* _WHAT YOU HAVE TO DO_
The response should consist only of the lines from the one with "Netgate SG-4100 pfSense Firewall" to the end of the data below, copied exactly and without pictures.

* _PROVIDED DATA_
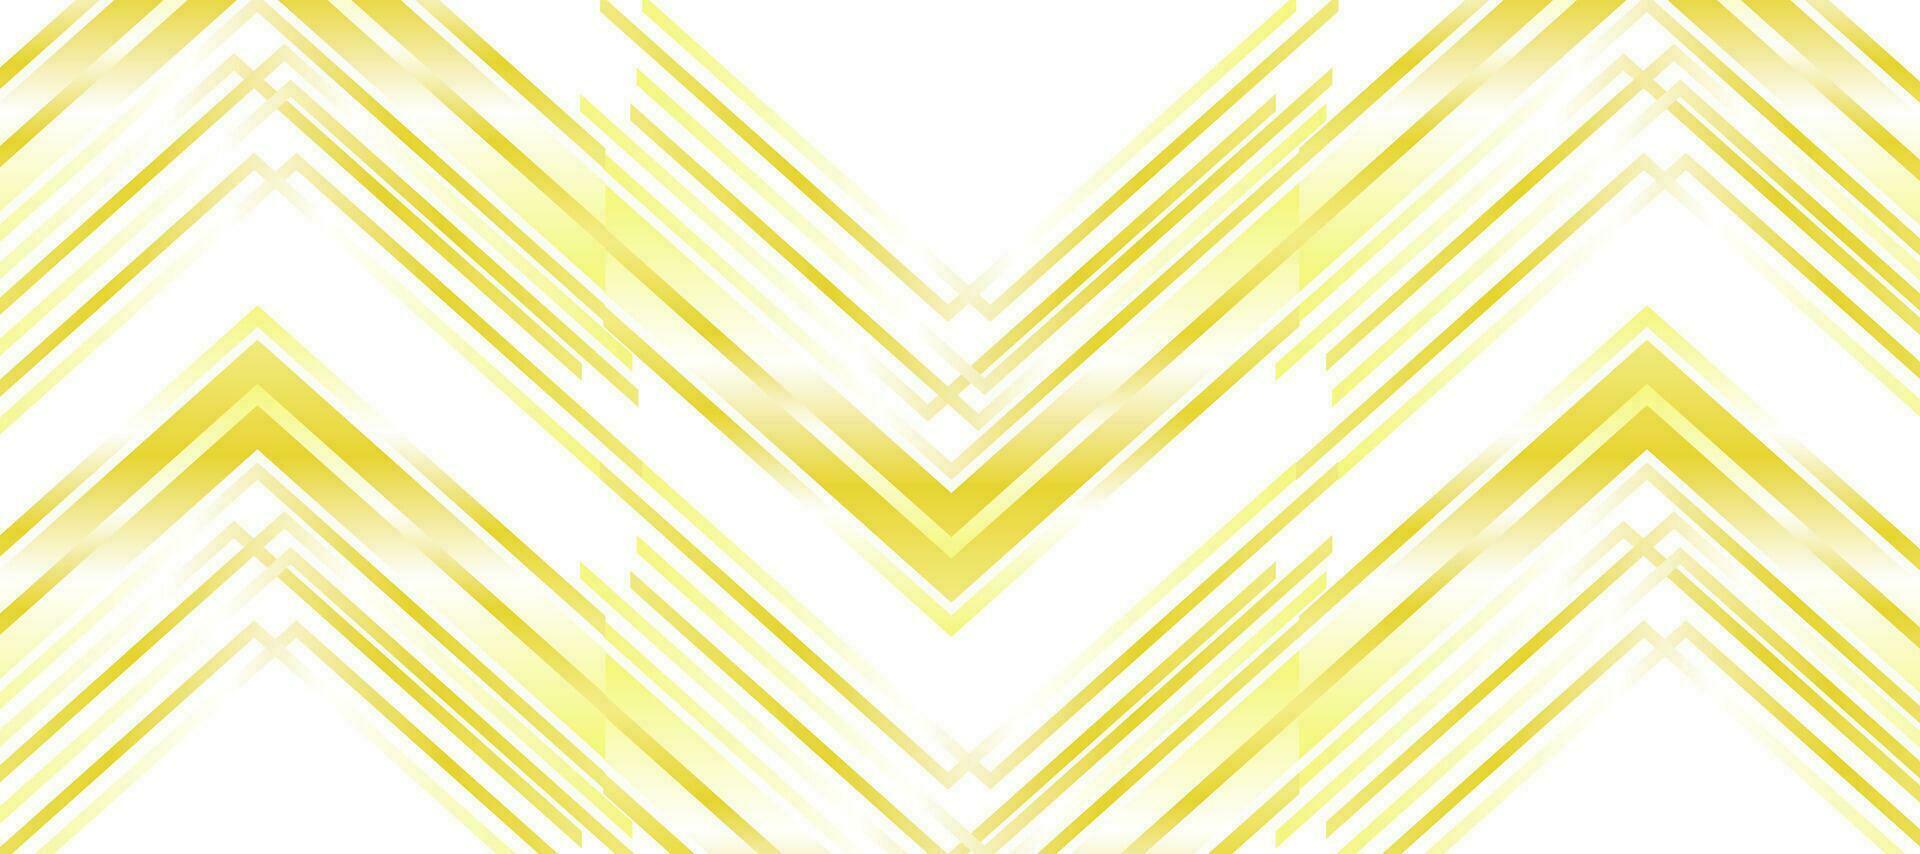 Futuristic Yellow Chevron gradient background Wallpaper vector
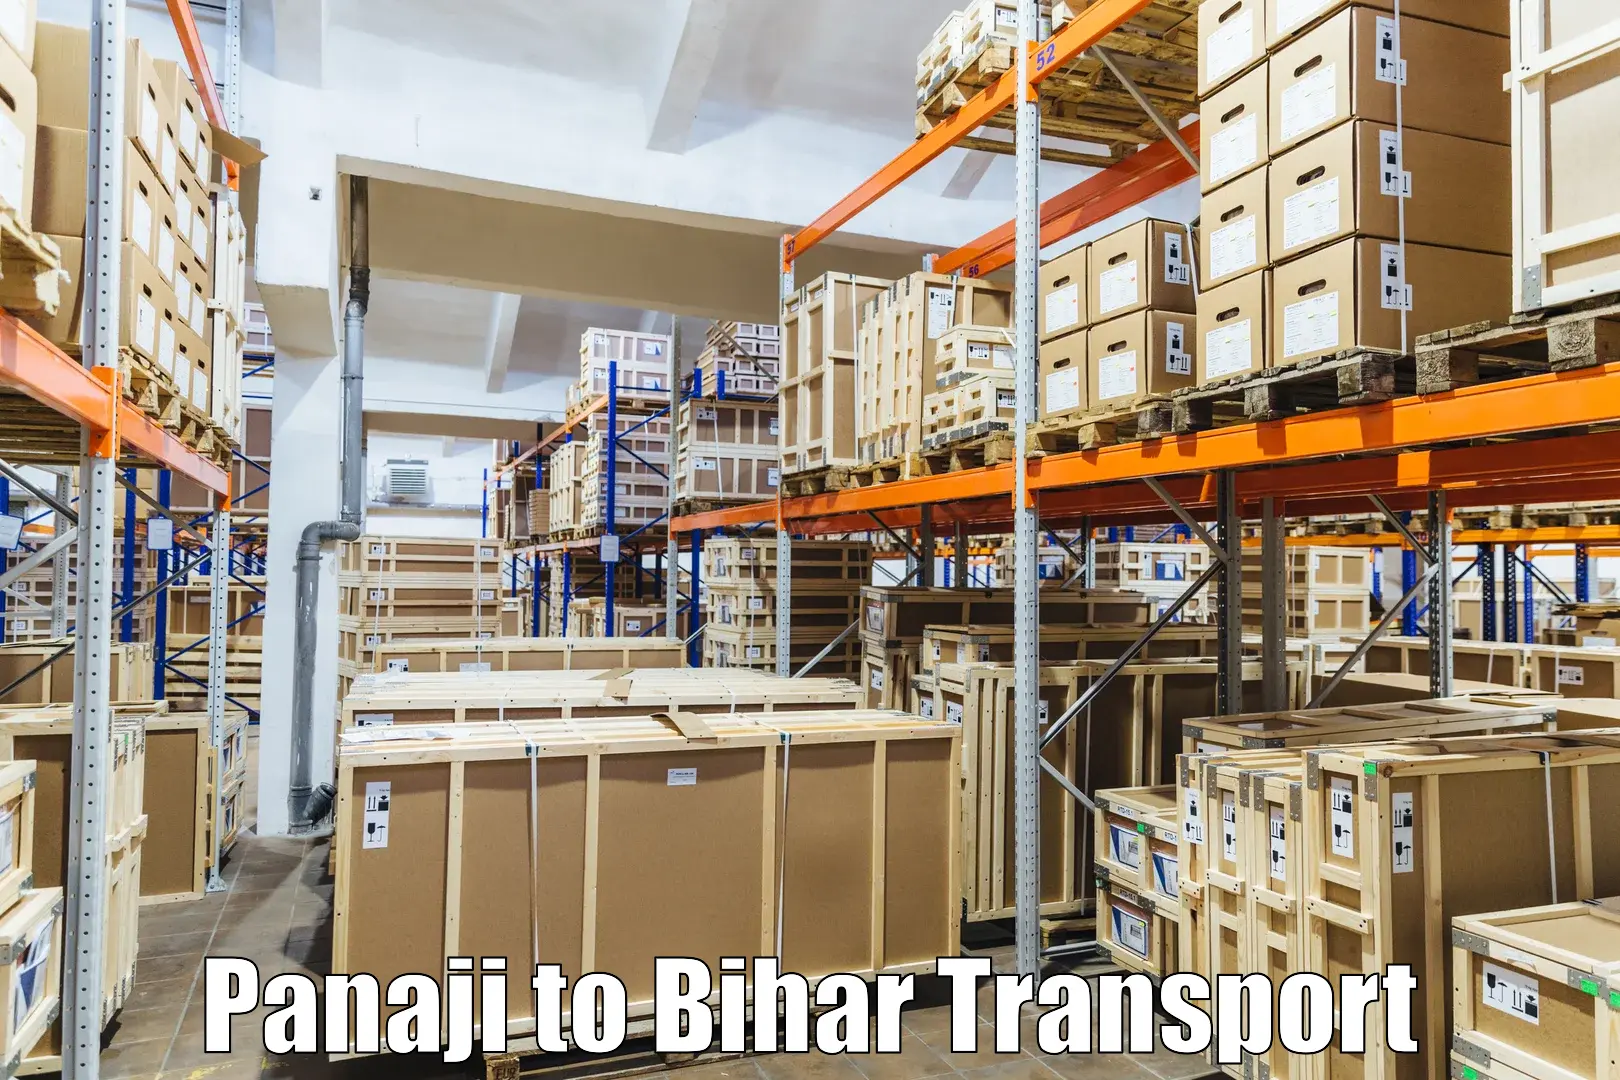 Online transport service Panaji to Saraiya
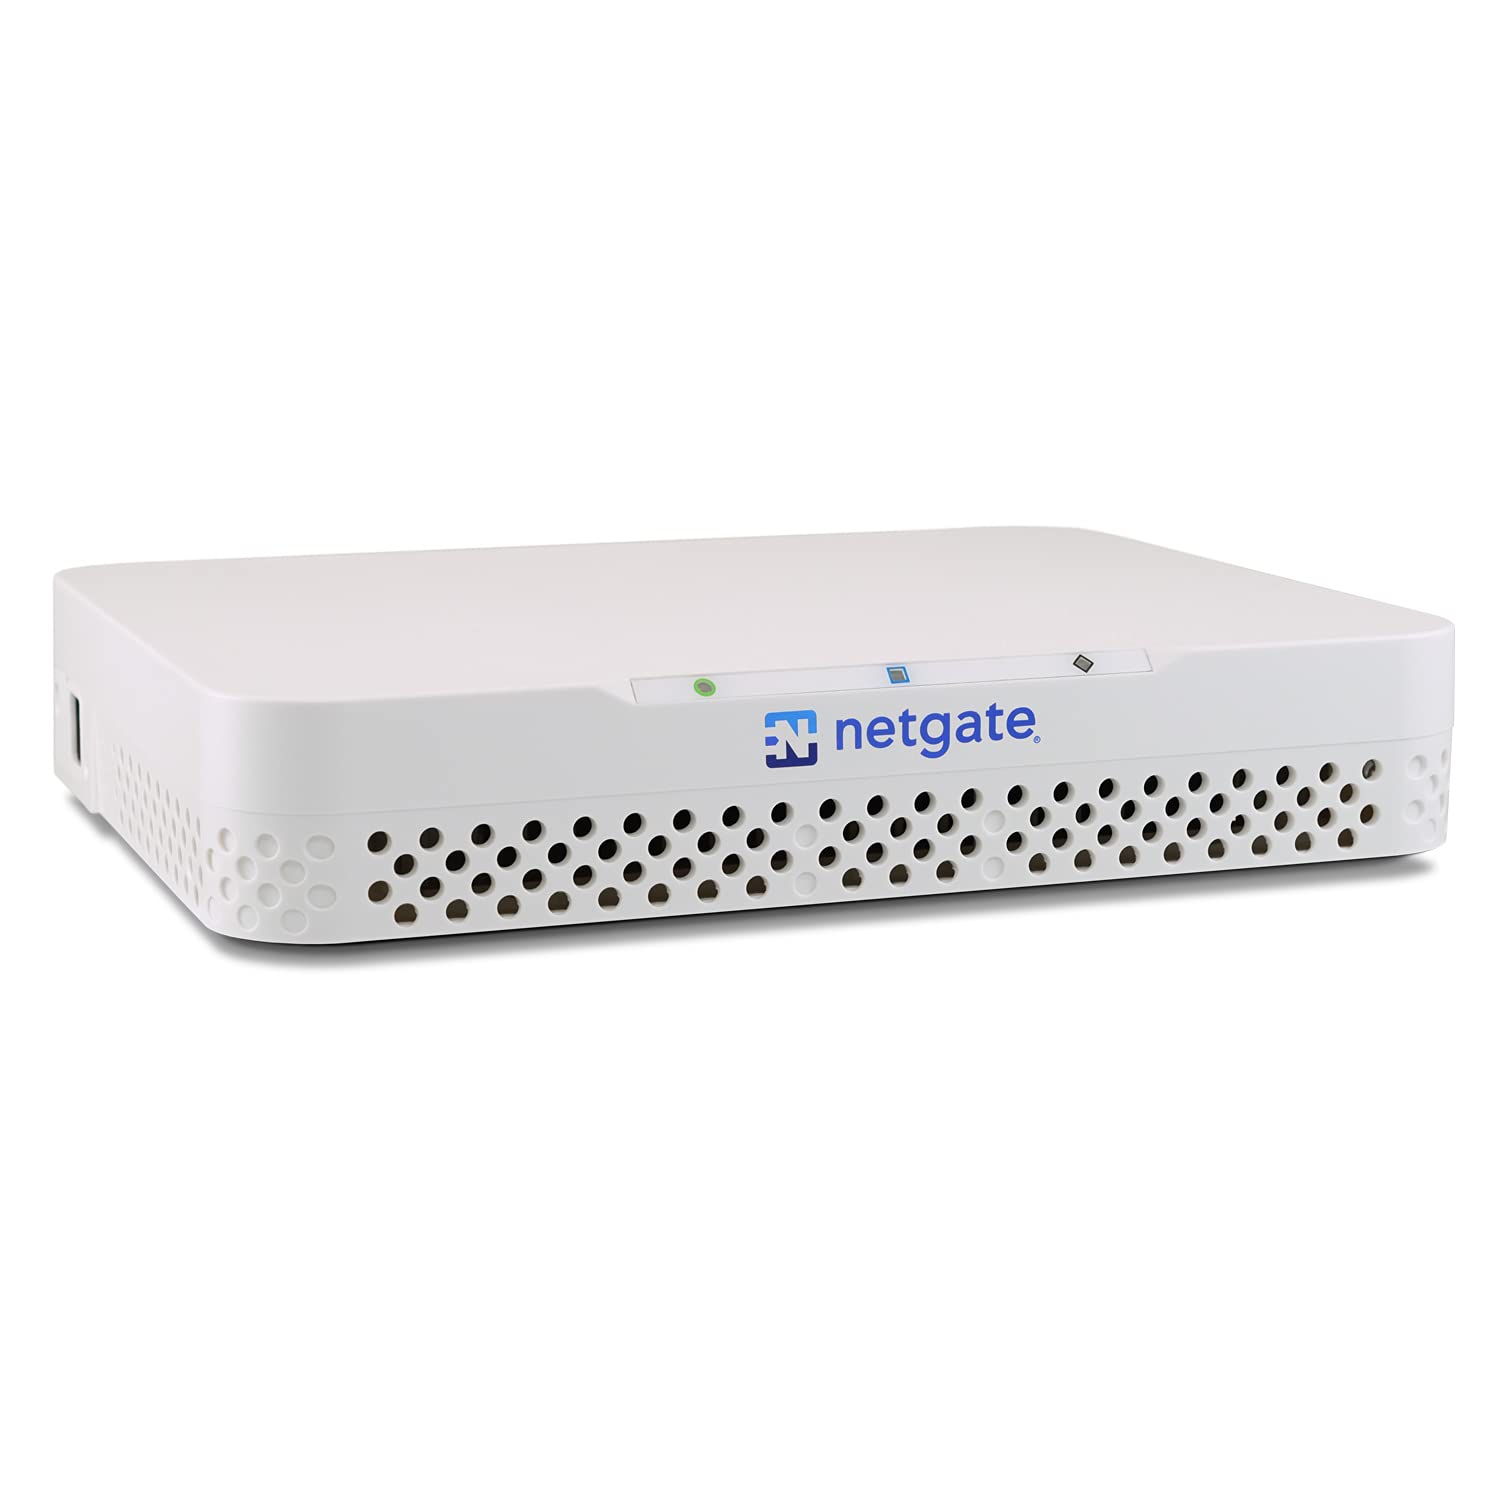 Netgate SG-4100 pfSense Firewall
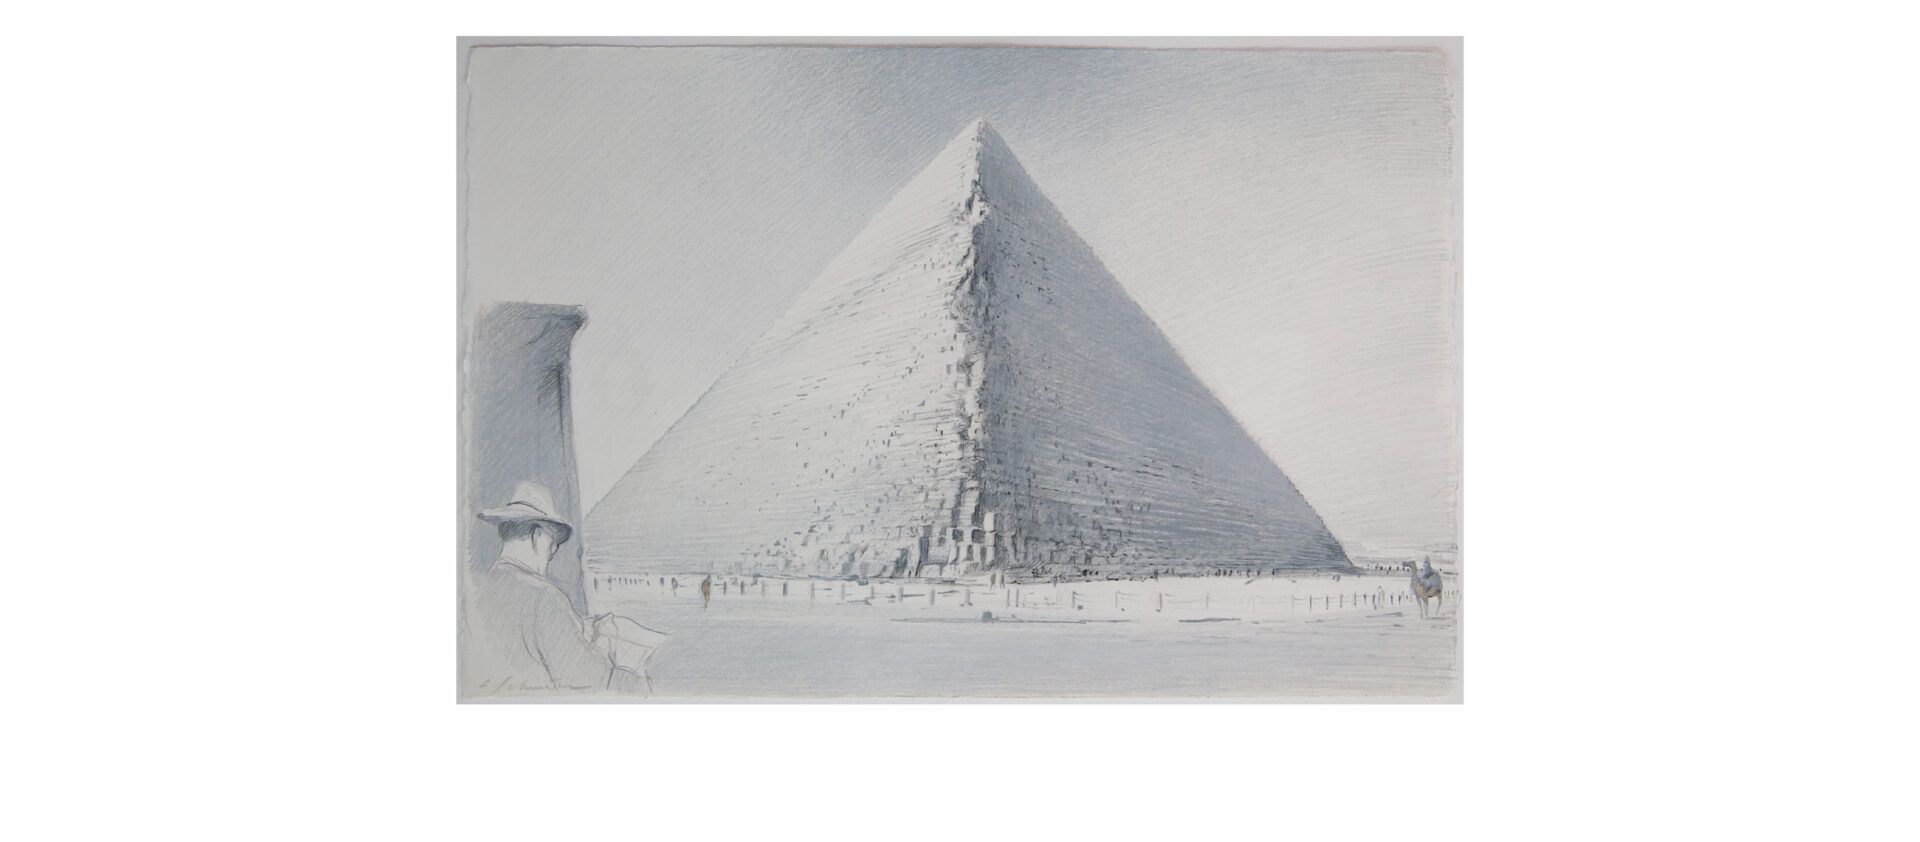 Chantier dans la pyramide de Khéops - mission scanpyramids

* _EXERCISE RESPONSE_
 Netgate SG-4100 pfSense Firewall
 Chantier dans la pyramide de Khéops - mission scanpyramids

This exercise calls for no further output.